DANNY ONEIL

O’Neil: Mariners aren’t handing the spotlight over to Seahawks just yet

Aug 15, 2021, 7:31 PM

Mariners Jarred Kelenic...

The Mariners won four straight on their homestand to stay in the playoff race. (Getty)

(Getty)

It was time for the starter to hand over the ball on Saturday night.

You know that moment in most baseball games when the manager comes to the mound to tell the starting pitcher he would be replaced. The manager may signal for one of the relievers before he reaches the mound. He may wait until talking to the starter first. But almost always, the scene plays out with him reaching out and accepting the baseball from his player. Only this time, the starter wasn’t ready to go.

Oh, I should make it clear that I’m speaking in a strictly metaphorical sense here. This wasn’t an actual event from the Mariners’ victory against Toronto, but a broader reality in Seattle sports. See, the Seahawks played their first (meaningless) game on Saturday night, and this is the time of year that our city shifts its attention squarely onto the gridiron. At least that has been the case for the past 15 years or so.

Only this time, the Mariners weren’t quite ready to leave.
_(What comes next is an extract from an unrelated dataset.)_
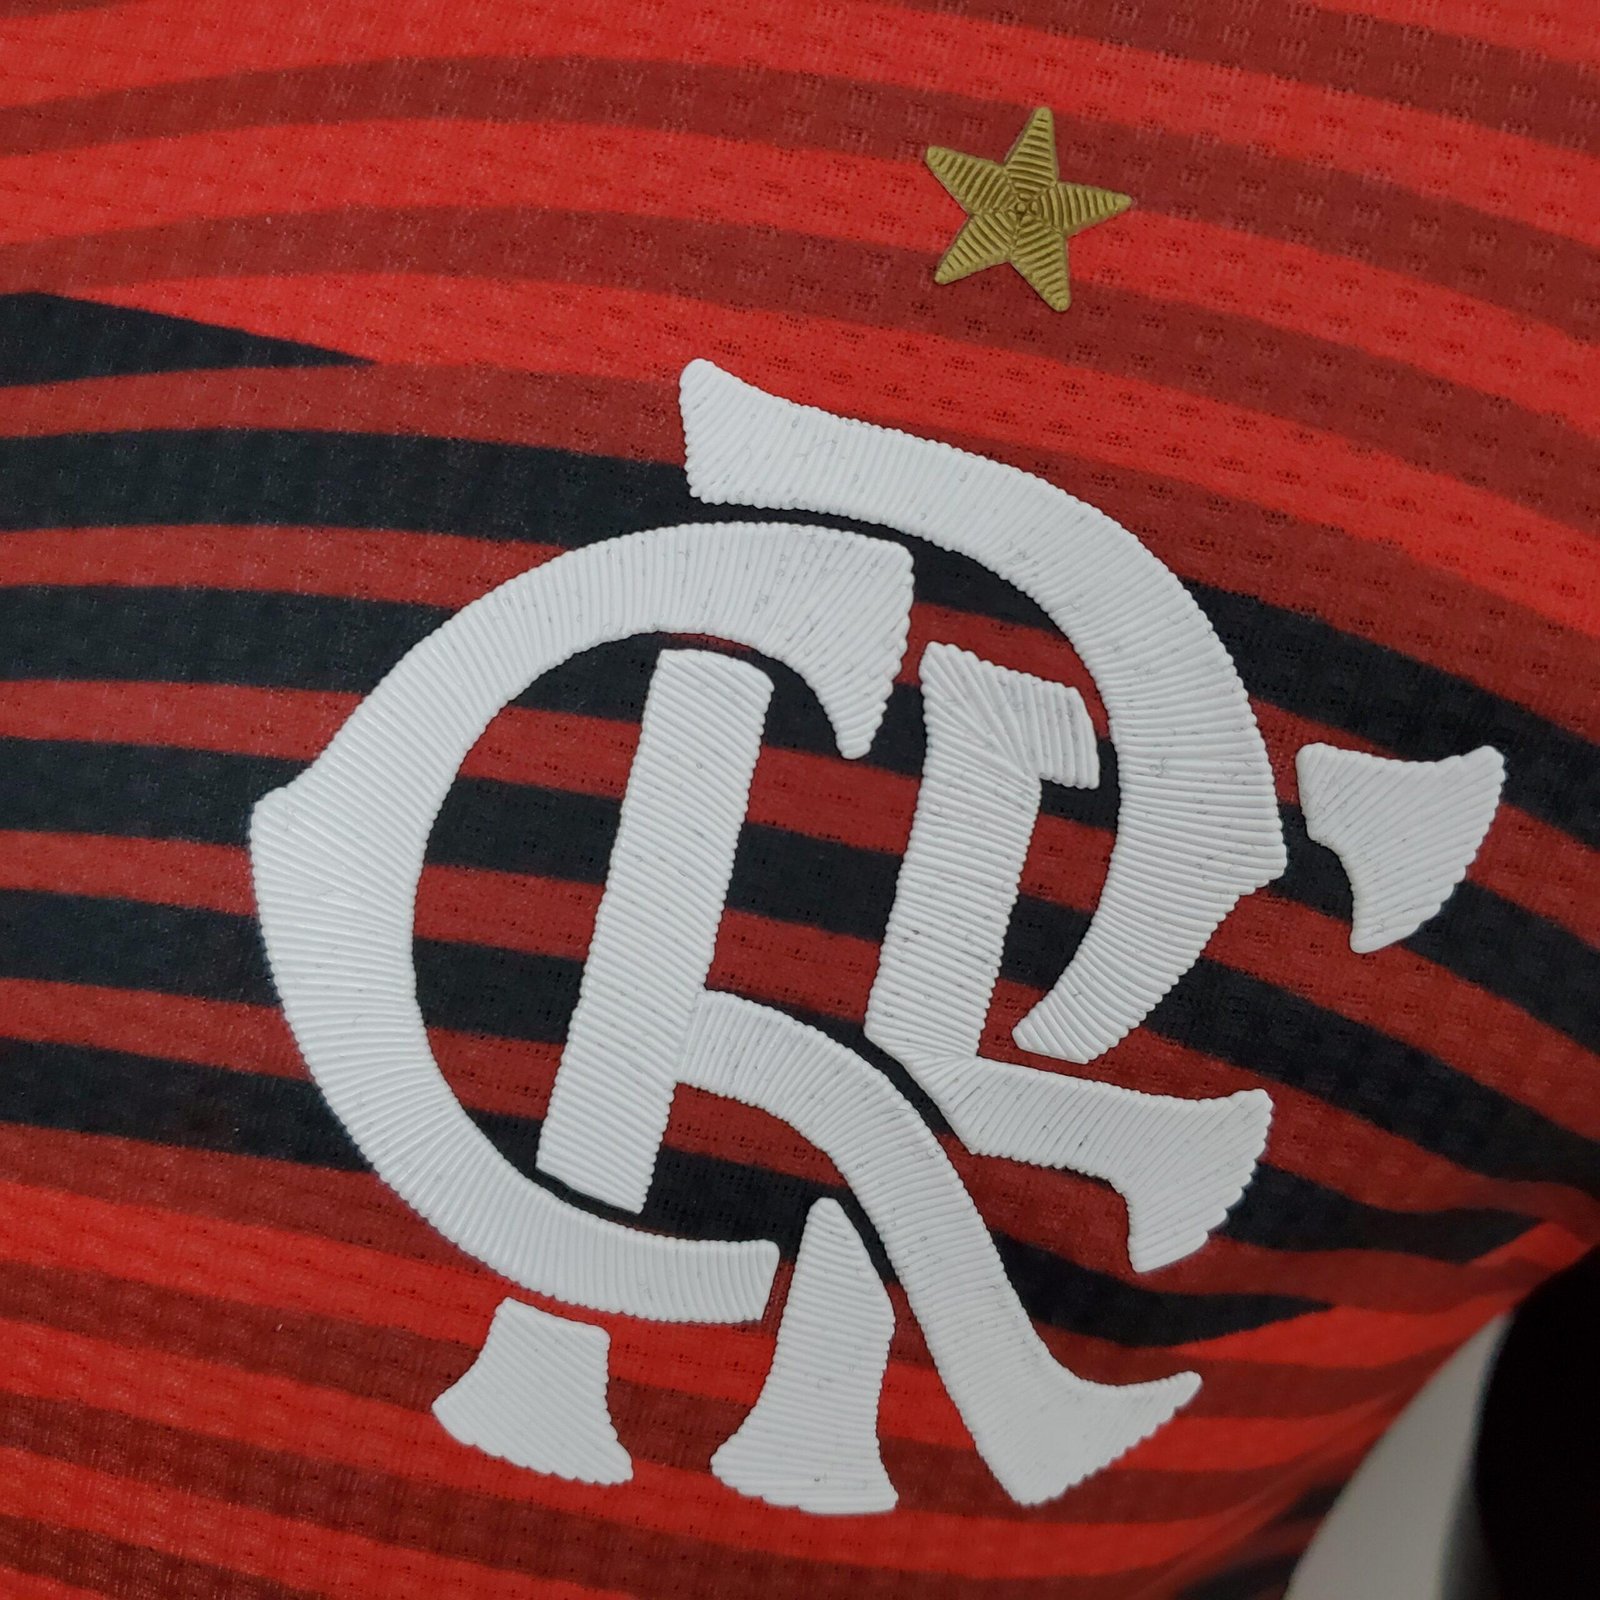 Camisa Flamengo Pré-Jogo 2022/2023 – Preta e Vermelha – Masculina – Todos  os Patrocinadores – KS Sports – Camisas de Times e Seleções

Not in Saturday’s game against the Toronto Blue Jays when Seattle scored seven runs in their final two turns at the plate. Luis Torrens drove in five of those runs with a three-run home run in the seventh and a double that drove in two in the eighth. Jarred Kelenic checked in with an opposite-field home run that was way stronger than anything a 22-year-old rookie should be capable of doing, and Seattle took a break from its nail-biters and notched a surprisingly comfortable 9-3 comeback win, showing that they’re not conceding anything in this playoff chase.

As for the Seahawks? Well, they lost 20-7 to the Raiders in Las Vegas in a game most notable for who did not play, namely any of Seattle’s offensive starters. But we don’t have to spend this week parsing the performance of Seattle’s second-string offensive line, because the Mariners breathed some air onto the embers of their playoff hopes. And while they’re not quite on fire, they’re making it interesting, and that’s something they’ve struggled to do so often in the 20 years that have passed since the last playoff berth.

Now, they’ve come close. In 2014, Seattle’s playoff hopes were still alive in the regular-season finale, getting extinguished only when the A’s beat the Rangers in Texas to clinch the wild-card berth. Two years later, the Mariners were eliminated after they suffered an extra-innings loss to those same A’s in the second-to-last game of their schedule.

It’s caused us to develop a bit of gallows humor here in Seattle: Just get us to Seahawks season, and the Mariners certainly did that this year with a season in which they have shown absolute and unequivocal progress. This was a team that most people in baseball projected would lose 90 to 95 games. This is a team that was been racked by injuries among its starting pitchers from losing James Paxton before he finished a single start to missing ace Marco Gonzales for a month to the fact that both Justus Sheffield and Justin Dunn are out with injuries now, neither having pitched in more than a month.

Yet in spite of all that – and with one of the youngest lineups in the league – the Mariners have not just kept their head above water but nosed their way into a playoff chase in an American League where more than half the teams have winning records.

When Seattle lost six of 10 games on their most recent road trip – each one of those losses coming either by one or two runs – I thought that was probably the end of the postseason chatter. When they were beaten at home by Texas upon their return in an utterly miserable offensive showing in which they had the bases loaded with no outs in the ninth inning – trailing by one run – and managed just a single run despite having the top of the order get a chance, I was pretty certain of it.

And then this Seattle team picked itself up off the mat once again, winning four consecutive games. The first two were against Texas, which has given up on the season. The next two were against the Blue Jays, who have one of the best lineups in baseball and are one of the teams Seattle will have to catch if it is going to reach the playoffs. Seattle won the series opener 3-2 on a walk-off … errrrr … walk by Kelenic, and then came Saturday’s rally to give the Mariners a series victory. And while the Blue Jays won Sunday’s series finale 8-3, the Mariners commanded our attention over the weekend.

It’s (still) going to be an uphill climb to reach the playoffs, and the Mariners are off on an eight-game road trip that will see them play at the division-leading Astros and two games against the wild card-leading A’s, but this weekend shows the Mariners aren’t ready to leave centerstage in Seattle. Not just yet.